Przed nastaniem Jakuba Janiaka w roli gospodarza wymieniały się dwie osoby. Początkowo ich pensje opłacał Państwowy Fundusz Rehabilitacji Osób Niepełnosprawnych, potem magistrat. Do Ośrodka Opieki Społecznej zaczęły jednak napływać sygnały, jakoby w GOIN-ie niewiele się działo i że warto byłoby mocniej zaktywizować organizacje korzystające z pomieszczeń placówki. Pojawiło się wówczas określenie, by ze świetlicy, gdzie można wypić herbatkę, zrobić dom kultury dla niepełnosprawnych.

– Tyle, że my doskonale obie te funkcje łączyliśmy. Kto nie chciał działać, przychodził faktycznie wypić herbatkę. Kto miał chęci i siły – pracował. Usłyszeliśmy, że formuła „się wypaliła”. Tyle, że nowy koordynator ośrodka powiela naszą pracę. Z widocznych zmian pojawił się nowy harmonogrami. Przestawiono też meble. Dopóki spotykają się tam organizacje pozarządowe, pan Janiak faktycznie ma co koordynować. Co będzie, jeśli niezadowoleni odejdą? Panu Janiakowi pozostanie koordynować ruch powietrza – mówi z rozżaleniem Janina Stoksik, prezes Stowarzyszenia Osób Niepełnosprawnych, które w GOIN przy ul. Zwycięstwa ma od początku swoją siedzibę.

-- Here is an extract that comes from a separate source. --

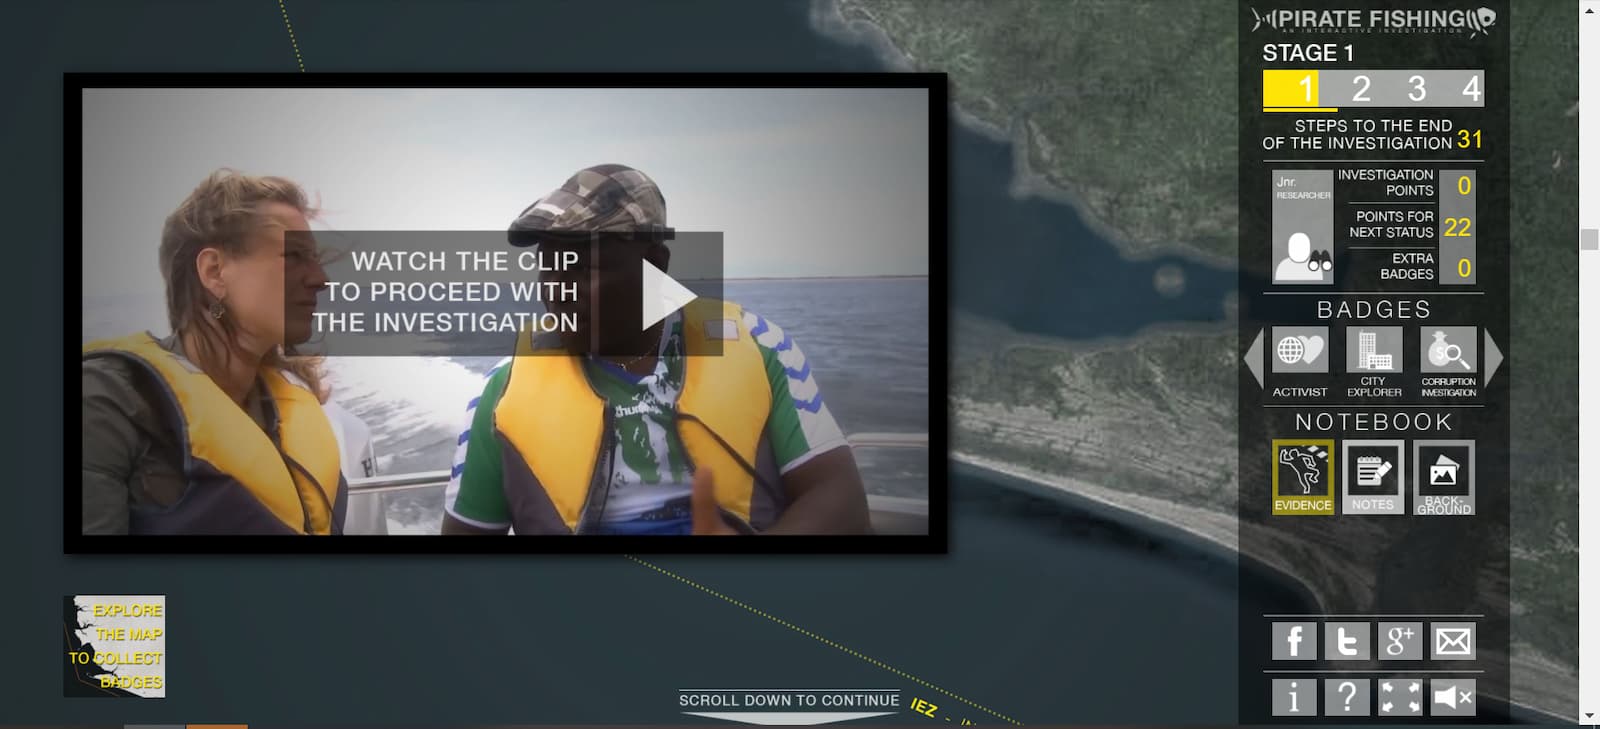 Лонгрид «Pirate fishing documentary» о нелегальной рыбной ловле в Западной Африке
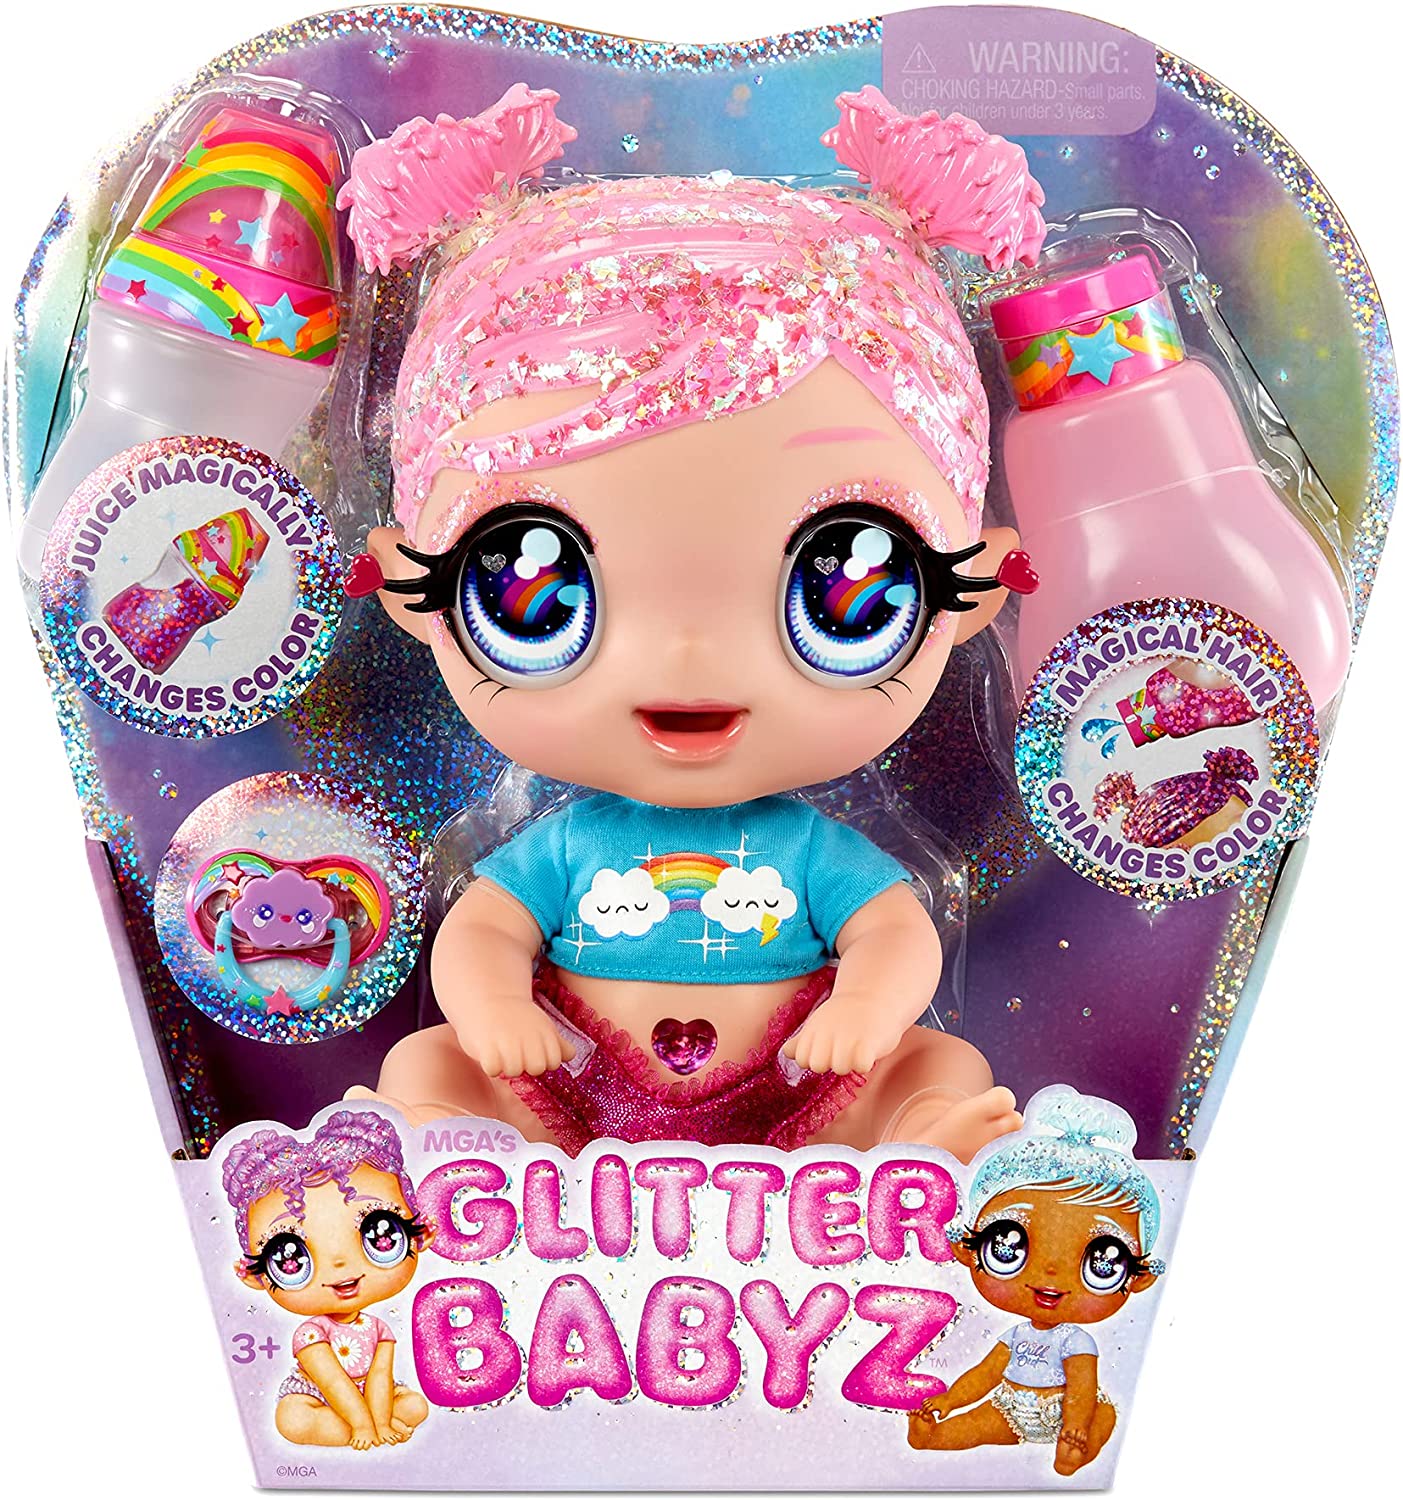 Glitter Babyz Color Chg tub

Obiektywny, bo z zewnątrz?

Jakub Janiak nie był wcześniej znany gliwickim niepełnosprawnym. Pochodzi z Chorzowa, studiuje etnologię, przez ponad dwa lata pracował w Dziennym Domu Pomocy Społecznej w Katowicach, skończył kursy związane z opieką społeczną. Przyznaje, że o wolnej posadzie dowiedział się od znajomych. Ośrodek Pomocy Społecznej nie organizował konkursu na to stanowisko.
– Dostałem tę funkcję, by rozruszać ośrodek i uporządkować sprawy. Ma to być nie tylko miejsce spotkań przy przysłowiowej już herbatce, ale także świadczenia pewnych „usług” dla niepełnosprawnych. Już wprowadziliśmy porozumienia dla stowarzyszeń, umowy dla wolontariuszy GOIN, doszły też dwie kolejne organizacje pozarządowe. GOIN zaczął się ubiegać o pieniądze na dodatkową działalność. Chciałem tu zrobić Klub Integracji Społecznej, ale nasza oferta nie otrzymała dotacji. Wspólnie z chętnymi do współpracy organizacjami jak np. Ja-Ty-My piszemy wnioski na uruchomienie Klubu Kultury Osób Niepełnosprawnych. Razem z Fundacją Rozwoju Przedsiębiorczości, z myślą o bezrobotnych niepełnosprawnych i osobach poszukujących pierwszej pracy, GOIN uruchomił jedno ze stanowisk Gminnego Centrum Informacji. Mamy zaplanowane fundusze na utworzenie kawiarenki internetowej – wylicza Janiak.
Od ludzi przychodzących na zajęcia usłyszeliśmy o bulwersującej sprawie pobierania opłat za zajęcia językowe. Nie były to wielkie kwoty, ale czy powinny mieć miejsce w przypadku placówki mającej bazować na pracy wolontariuszy?

Społecznie, ale odpłatnie

– Nikogo za rękę nie złapałem, ale słyszałem o sprawie. Z osobą odpowiedzialną za pracę lektorów przeprowadziłem rozmowę, zakazując pobierania opłat. Obecnie osoby korzystające z warsztatów językowych mogą płacić wolne datki – bagatelizuje koordynator.
Jakub Janiak podkreśla, że chciałby współpracować z przedstawicielami wszystkich organizacji, które znalazły tu swoją siedzibę. Nie ukrywa, że największy problem ma z Janiną Stoksik, bo nie pojawia się ona na spotkaniach liderów sekcji.

Nie ma zgody
Eugeniusz Gordziejko:
Na spotkania sekcji osteoporozy przychodzę od 1998 roku. Nie podobają mi się rządy nowego koordynatora. Zaczyna dyktować warunki. Spotkania naszej sekcji zawsze były w poniedziałki, do czego starsi ludzie byli przyzwyczajeni. Teraz spotykamy się we wtorki. Tam gdzie są do podziału państwowe pieniądze, tam nie ma zgody. Stowarzyszenie Osób Niepełnosprawnych zrobiło najwięcej dla tej placówki i to ono powinno mieć decydujący głos w sprawie gospodarza.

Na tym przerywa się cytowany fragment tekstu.